Open LinlyAC opened 7 years ago
Check out the heatmap predictions. If everything converges to zero, you might need to weight your foreground/background gradients so that they equal contribution to the parameter update.
@bazilas Thanks for your answer. I have tried your suggestion. About the heatmap predictions, I check the log file. In this file, the loss_heatmap also go down from 1.00483 to 0 [iter 1] [iter 163] Maybe I mistake your suggestion, I also use this 'disabled' model to run the matlab demo, and each heatmap turn to blue. In addition, all joints coordinates in each frame seem to get together.
I do not know whether this is what you mean. If this is the mistake, how should I to adjust the foreground/background gradients. Is there some skills?
Thank you again!
you could count the number of foreground / background heatmap pixels (e.g. by thresholding) and balance the gradients accordingly.
I met the same problem. I used the prototxt that the author provided, and my training loss just goes down to 0 very quickly, but the prediction is very bad, and the heatmaps turn out to be blue. How to do with the problem? How to do some modifications based on the balancing skill? @bazilas
Hey guys @bazilas @LinlyAC @samlong-yang, I'm also stuck here, I modified some lines of the the source code in order to train a model predicting several joints location via single depth images. My model just behaves the same way as @LinlyAC and @samlong-yang 's, in training, the loss fell down to near zero from the first iteration, and it only predicts single valued heatmaps. In fact, I tried the Matlab version and resulted the same. It would be very great if someone can offer a tutorial on how to effectively train a model using heatmap regression.
I am grateful that many people pay attention to this problem. @bazilas @samlong-yang @power0341 I really haven't solved the problem yet, but I have a new idea that might help. When I try to fine-tuning this model, the data format like that: because this format is also used in readme.txt: However, when I download the example FLIC dataset, the data format like this: It can be clearly seen that the data format is different from the Readme.txt. To be honest, I don't quite understand the meaning of these decimals, and I don't know if anyone can give me some help, which may help us solve the problem of fine-tuning.
Hey, @LinlyAC ,I'm training this project and I use the data which the author provided.But I met same problem.Did you try to train the author's dataset?Hope you reply.
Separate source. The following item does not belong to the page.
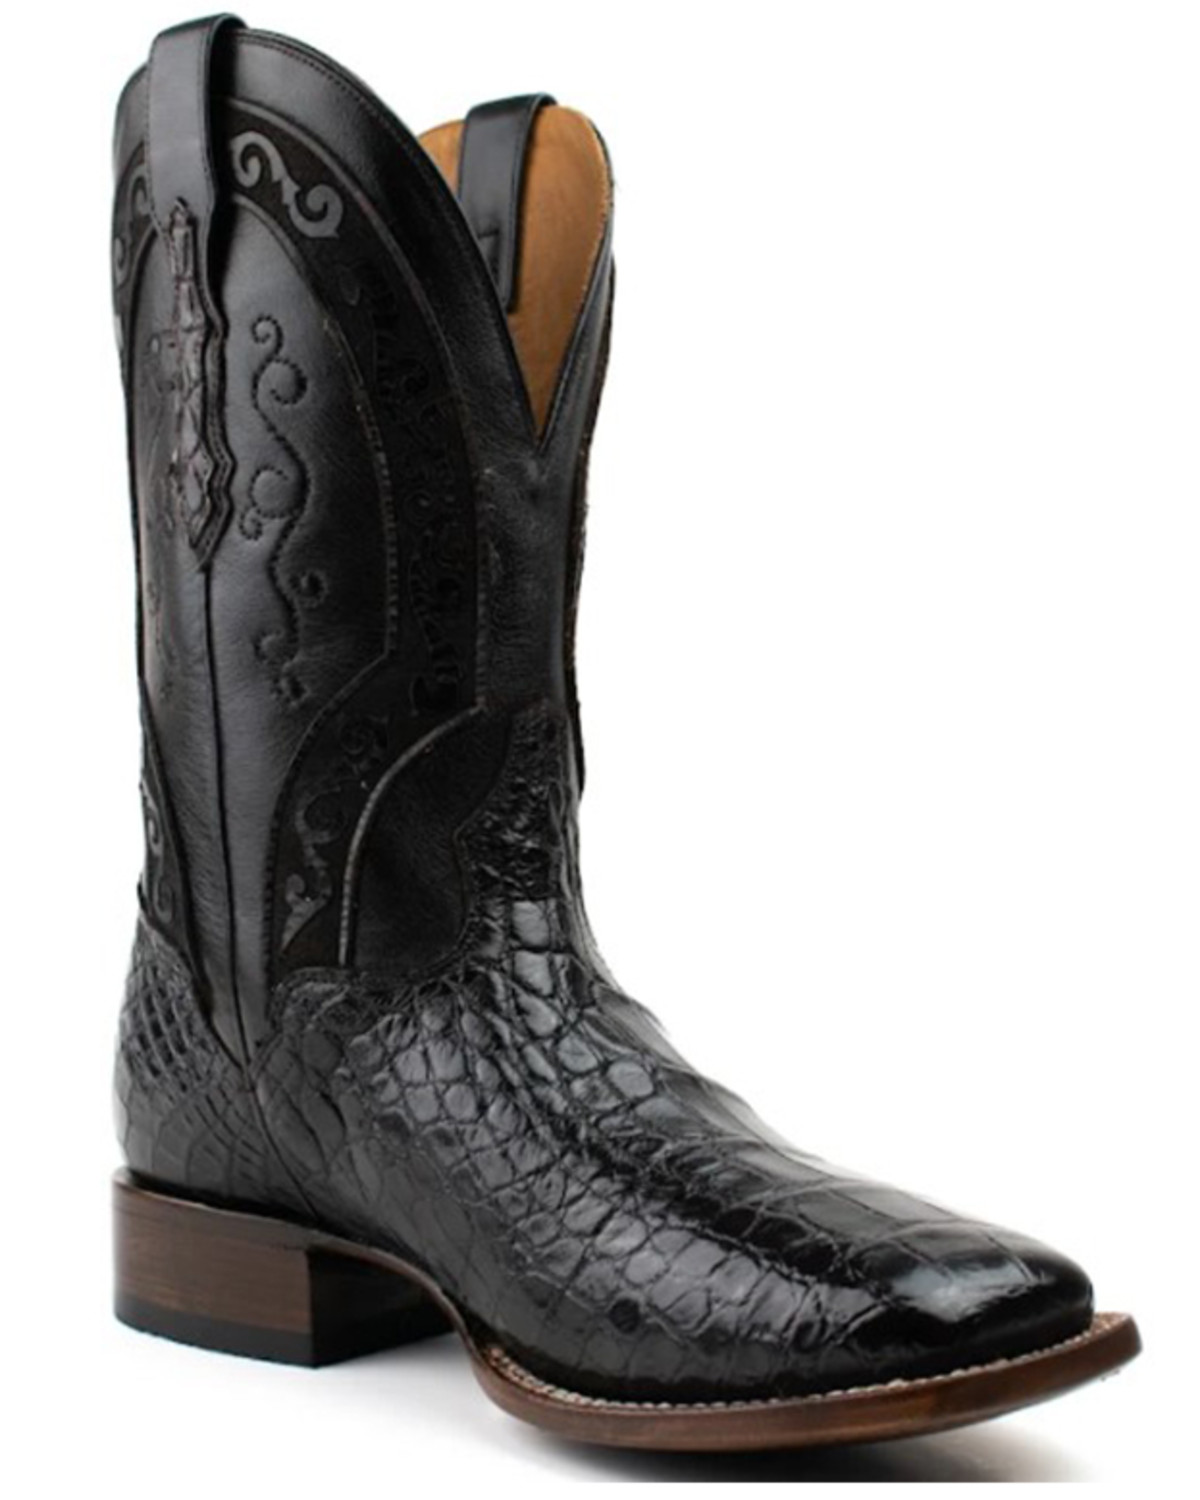 Men's Alligator & Crocodile Cowboy Boots

hi @LinlyAC , if I understand, there are a couple of things that matter. first, we need to normalize the coordinate of joints, for example, (x/w, t/h) or ((c_x-x)/w, (c_y-y)/w), referring to "DeepPose" paper for details, then, we also pay attention to carefully choosing the magnitude of the gaussian so the model really gets converaged.
Hello @power0341 @LinlyAC ,in the readme of the project, we should set the 'multfact' is 282 if using preprocessed data from website.That the parameter multiplies joints coordinate which is decimal is the ground truth.If we use our datasets, I think the 'multfact' should be set to 1.Even though, I also can't train a proper model.It's loss becomes very lower at the begin, but it's wrong.What should i do?Want Help!!
@distant1219 I am really grateful for your help. But I also cannot solve this problem, I am so sorry.
Hi, @tpfister, I am sorry to bother you. But there are some people like me who encountered some problems can not be solved, so we hope you can give us some tips about finetuning this model.
Heartfelt thanks to you.
I am having the same problem as LinlyAC, and I will help with the search for a solution. Will post back if I figure it out.
The reason why your heatmaps is blue is because the demo's multifacts = 1. See This.
Hi everyone,
I managed to solve the problem with the blue heatmap. It seems as if Stochastic Gradient Descent (SGD) was exploding in loss for batchsizes greater than 3, or dropping drastically to zero for batchsizes less than 3. Try changing the type in solver.prototext to AdaGrad or AdaDelta, as seen here:
http://caffe.berkeleyvision.org/tutorial/solver.html
I'm not sure what version of Caffe they implemented this; I had to recompile caffe-heatmap using the newest version of Caffe. After doing this and training on batchsizes of ~25, I am now able to fine tune.
A note on EEWebbinWu's comment: if you follow my steps above, do not put the scalar multiplier as shown; it will not work.
Hello everyone, these day I meet a question which I can't solve, so come here for help. My work is to finetuning this caffe-heatmap model to adapt my own dataset ,which also have seven upper-body joints. But when I deal with fintuning, I draw two chart, Train loss vs iter and Test Accuracy vs iter. The first chart seems to be normal(that is monotonic decrease), but the accuracy rapidly decrease to zero after few iters.
That confuses me. In my opinion, the accurary should go up when the train loss go down. So is everyone can help me? (PS: my work have same needs with the caffe-heatmap, that need 7 upper-body joints,so I don't change the original code, only change the train and test data) Thanks.